A switch maintains a table of MAC addresses and which port each address is on. When a frame arrives, the switch looks up the destination MAC address in its table and forwards the frame only to the port that MAC address is on. Frames from different pairs of devices can traverse the switch simultaneously without interference. Each port on a switch has its own collision domain, and with full-duplex, there is no collision domain at all. A gigabit switch with 8 ports can simultaneously provide 1 Gbps in each direction on all 8 ports β dramatically better than a hub.
When building a network, always prefer switches over hubs. Even old, slow switches provide better performance and reliability than hubs for most modern uses.
Basic Ethernet Troubleshooting
Link lights (LEDs on the network port) are the first diagnostic tool. A lit link LED indicates the physical connection is established. A blinking activity LED indicates data is being transmitted. No link LED means no physical connection β check the cable, the connectors, and whether both devices are powered.
A cable tester checks that all conductors are correctly wired and connected. Most cable problems are connector problems: misaligned conductors, incomplete crimping, or a broken wire at a connector. The tester shows which pairs are correct and which have faults.

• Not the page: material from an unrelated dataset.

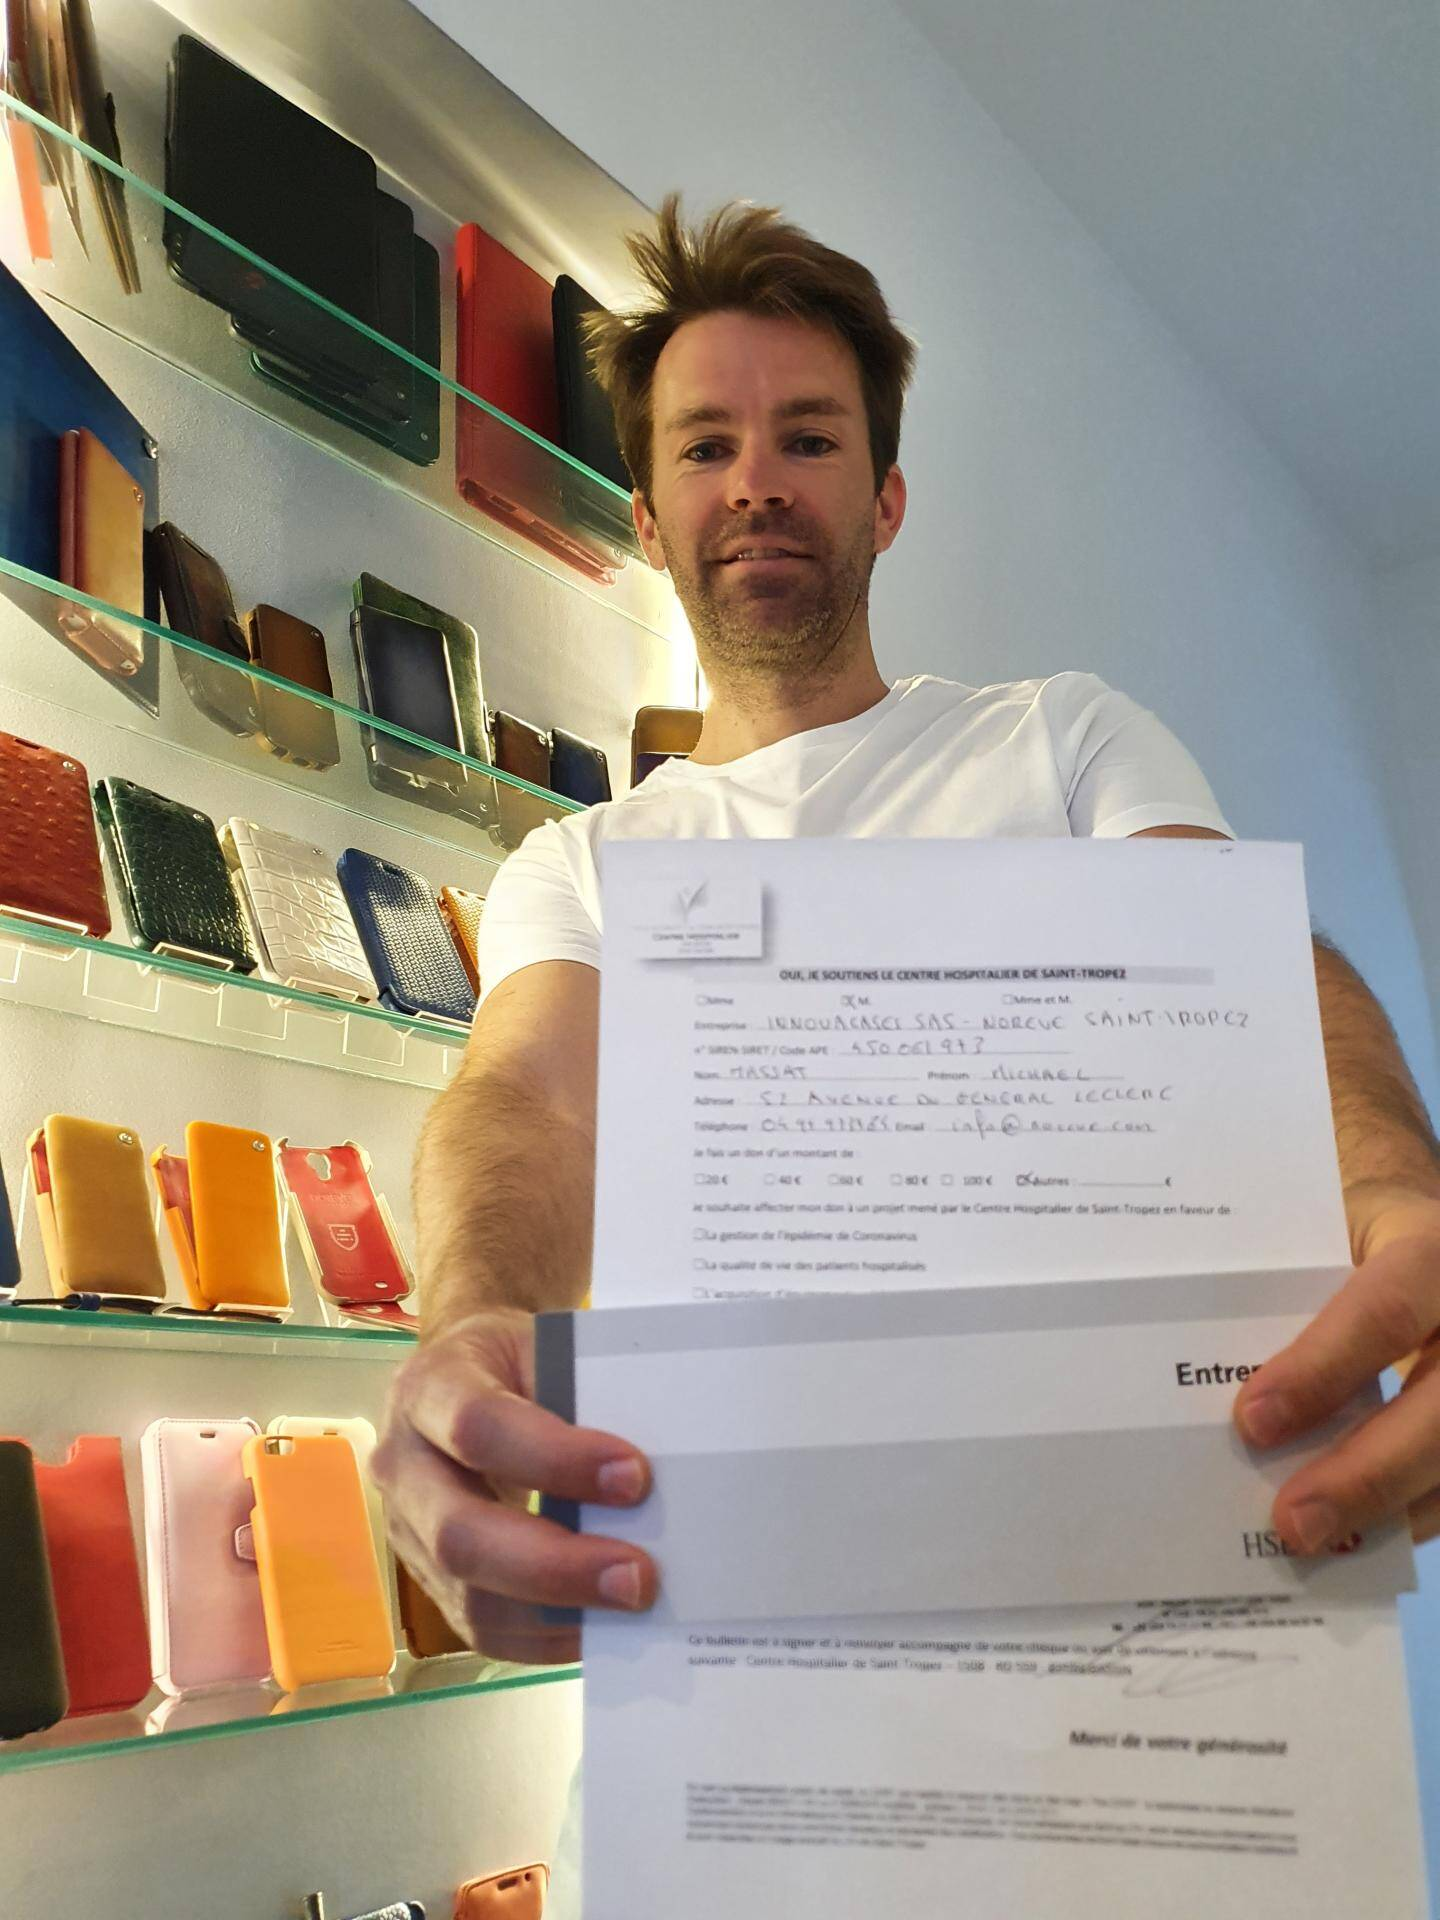 Michaël Massat, dirigeant de la société Noreve, a inscrit sur sa promesse de don son intention de reverser 20% de son chiffre d'affaires au pôle de santé.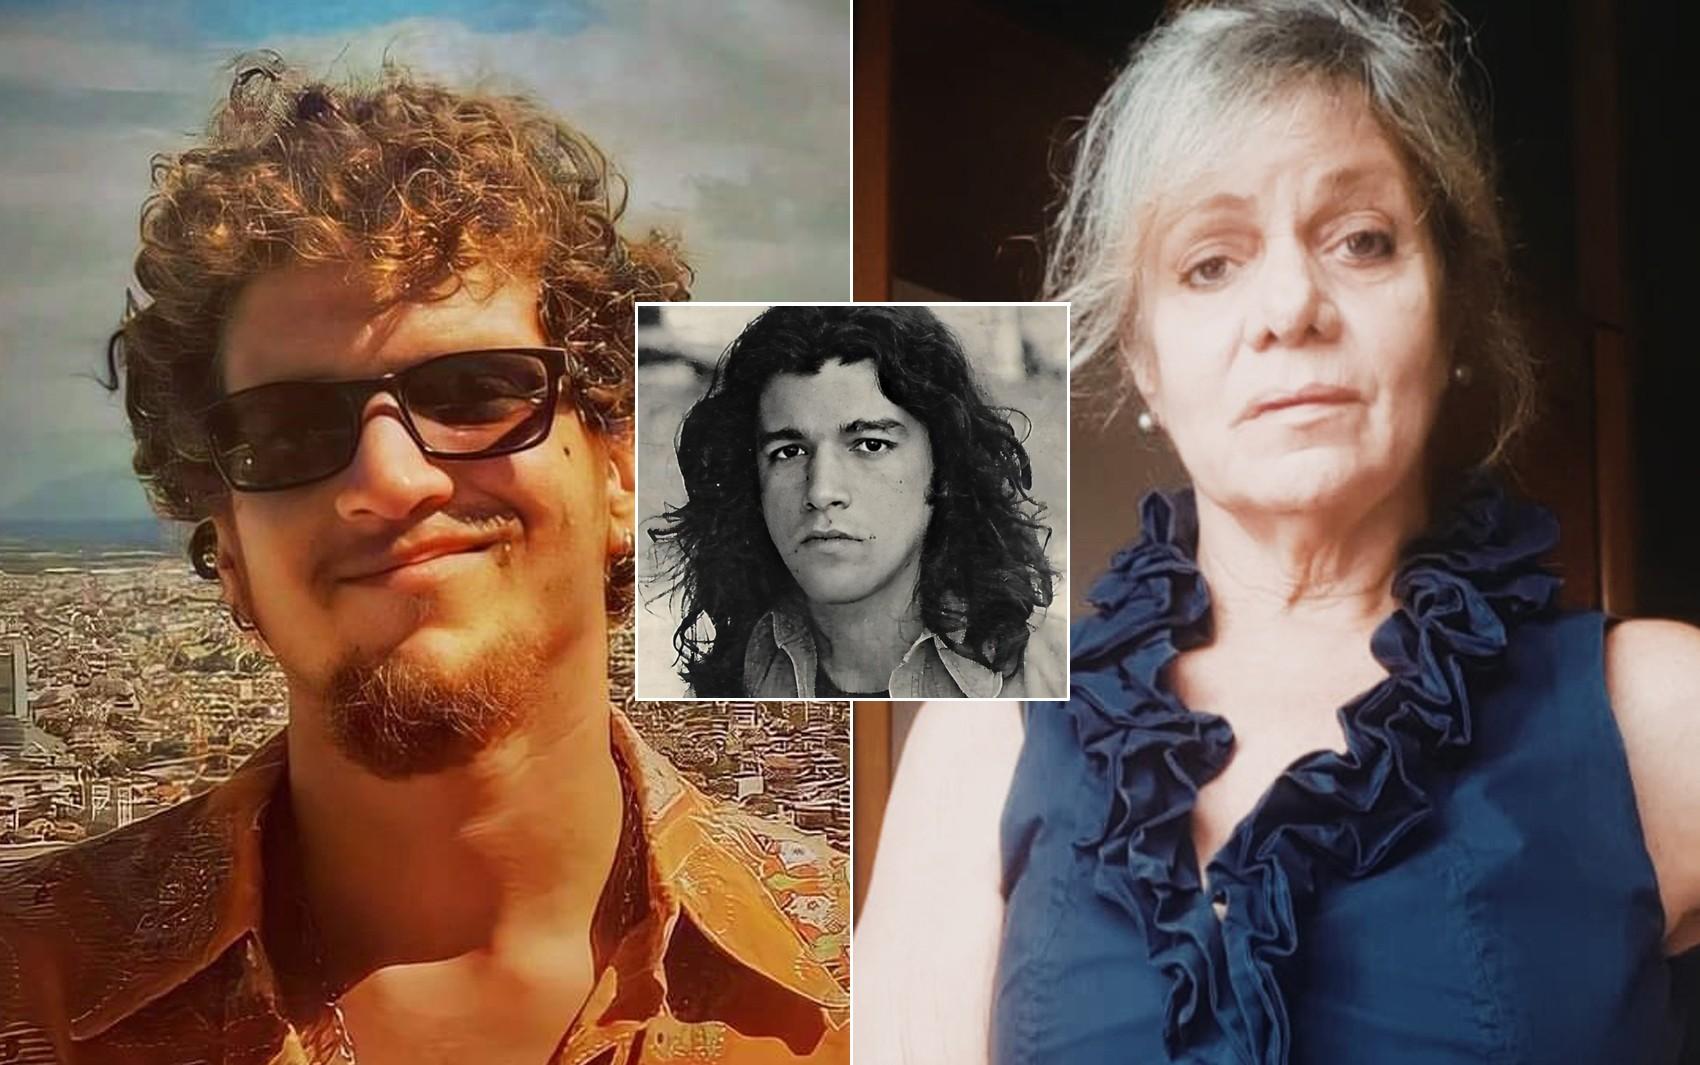 Artista baiano se junta à viúva de Guilherme Lamounier no resgate da obra do músico dono de 'hits secretos' e ídolo de outros artistas

Ping is the simplest connectivity test above the physical layer. If the physical connection is up, ping tests whether IP routing is working correctly. No response to ping with a working physical link usually means IP address misconfiguration or a firewall blocking ICMP.
For performance problems, check for duplex mismatch (one end auto, one end manual), excessive collisions (indicating either heavy load on a hub-based segment or a malfunctioning device), and cable quality (long runs, damaged cables, or low-quality cables can cause high error rates that show up as retransmissions and poor throughput).